# The steel ball falls from a certain height onto the steel plate, reaching a speed of 15 m / s before the collision.

**The steel ball falls from a certain height onto the steel plate, reaching a speed of 15 m / s before the collision. After hitting the plate, the ball bounced to a height of 5 cm from the plate. Determine how many degrees the ball has heated up after hitting the plate. Neglect heat loss to the environment. The heating of the stove is also neglected. Specific heat 0.46 kJ / kg coefficient g = 10 N / kg**

V = 15 m / s.

h = 5 cm = 0.05 m.

g = 10 m / s2.

C = 0.46 kJ / kg * ° C = 460 J / kg * ° C.

Δt -?

The amount of heat that goes into heating the ball is expressed by the formula: Q = C * m * Δt.

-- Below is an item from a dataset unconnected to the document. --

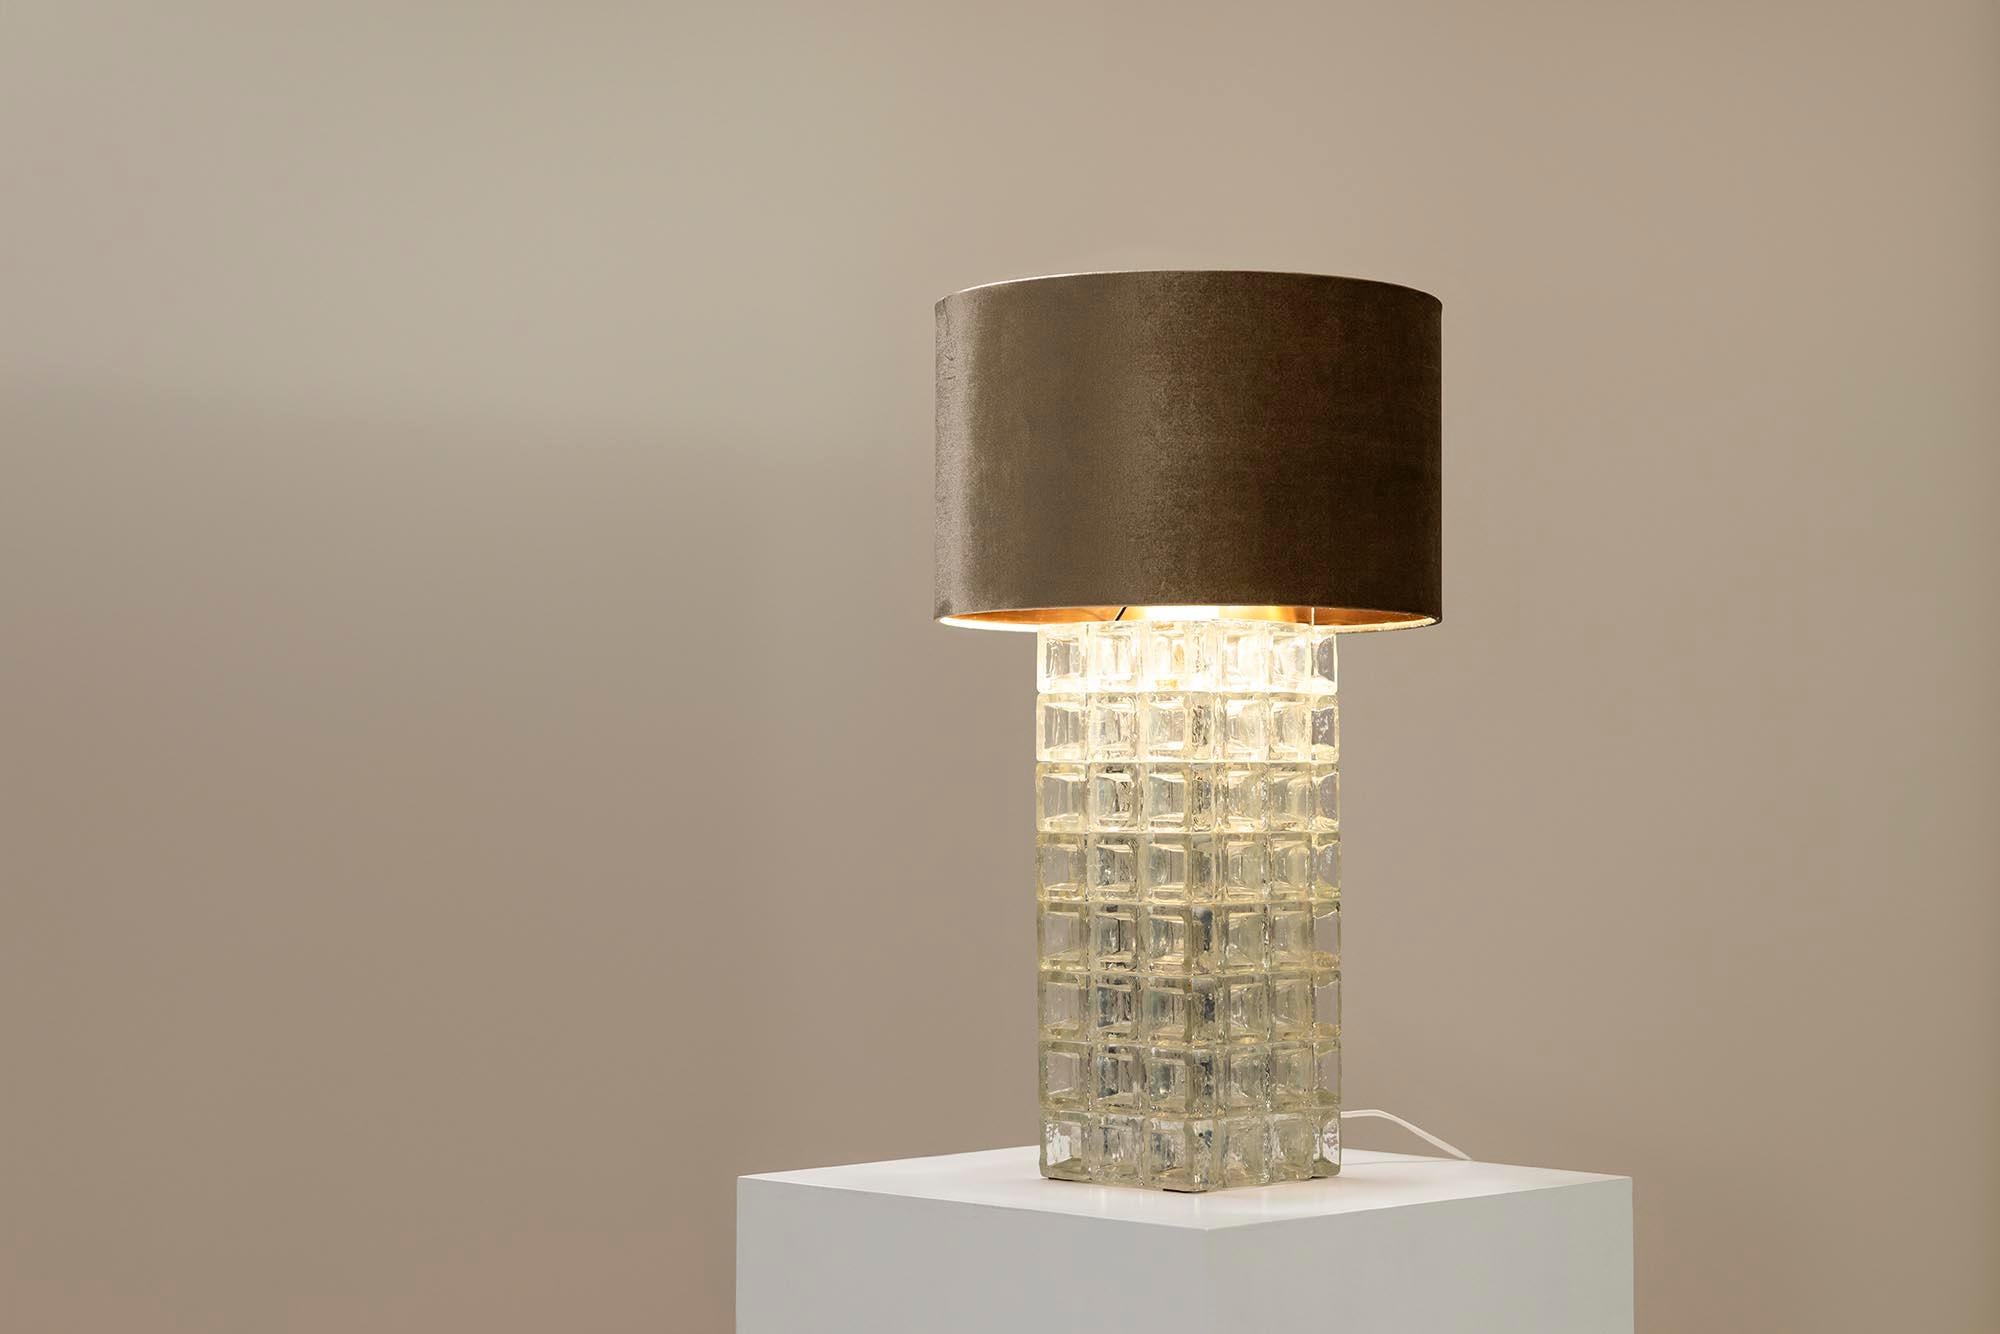 Cette lampe de table peut être décrite comme élégante avec la classe d'un design intemporel. L'artiste verrier italien Albano Steele est à l'origine de cette création, faite de verre et surmontée d'une fixation métallique en acier brossé.Ce qui est

We express the same amount of heat from the law of conservation of energy: Q = Ek – En.

We express the kinetic Ek and the potential energy En by the formulas: Ek = m * V ^ 2/2, En = m * g * h.

Q = m * V ^ 2/2 – m * g * h = m * (V ^ 2/2 – g * h).

m * (V ^ 2/2 – g * h) = C * m * Δt.

The change in the temperature of the ball Δt is expressed by the formula: Δt = (V ^ 2/2 – g * h) / C.

Δt = ((15 m / s) ^ 2/2 – 10 m / s2 * 0.05 m) / 460 J / kg * ° C = 0.24 ° C.

Answer: The temperature of the steel ball has increased by Δt = 0.24 ° C.